Responding, Ms Cooper said: “I do recognise and the Safeguarding Minister has recognised the particular case that you have raised around Bradford” and said that the government’s next steps would come after a rapid national audit by Baroness Casey.
The exchange comes days after Home Office Minister Jess Phillips apologised to MPs for the delay in publishing the findings of the Government’s rapid audit, originally promised for May.
It also follows a fresh apology issued by Bradford Council to local survivor Fiona Goddard, who shared her experiences on a recent BBC Newsnight special.
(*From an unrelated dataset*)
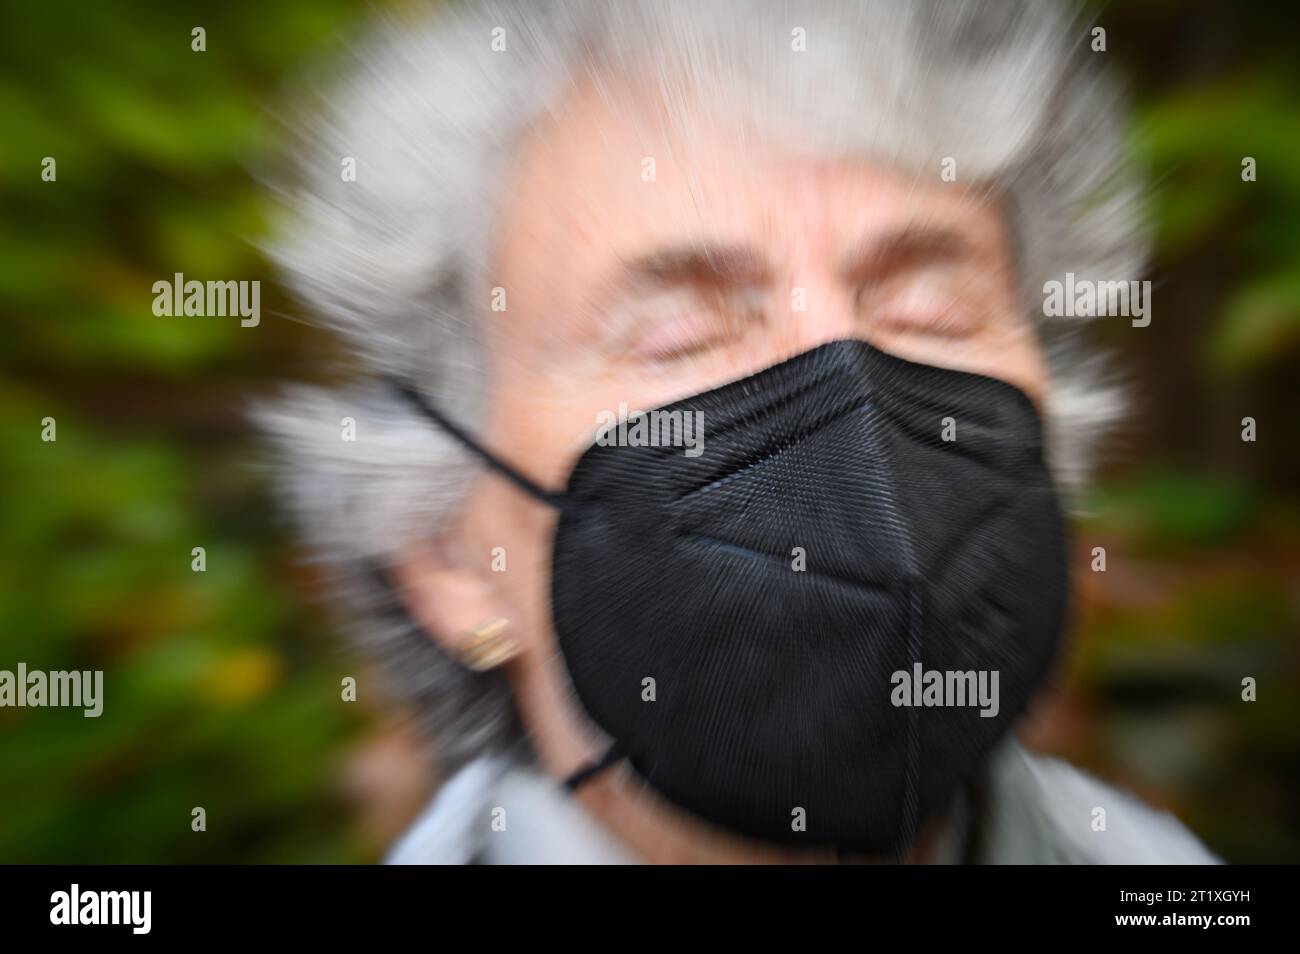 La femme porte un masque facial N95 du type en usage courant en raison des tentatives de contrôler la propagation du COVID-19. Banque D'Images

Speaking after the Committee, Robbie Moore MP said:
"The Home Secretary’s comments today clearly challenge the narratives being pushed by those at the very top of Bradford Council, who are deliberately seeking to block my longstanding calls for full grooming gangs inquiry across Keighley and the Bradford District.
The excuses we are hearing from local authorities are the exact same excuses we heard in Oldham and Telford, and look what those inquiries eventually uncovered. Thousands of children failed in the most horrific of circumstances.
It is clear that when councils like Bradford are unwilling to volunteer themselves for these inquiries, ministers must step in and use statutory powers to compel them to act. It cannot be left to the very people who failed in the first place to decide whether or not an investigation happens in their area.”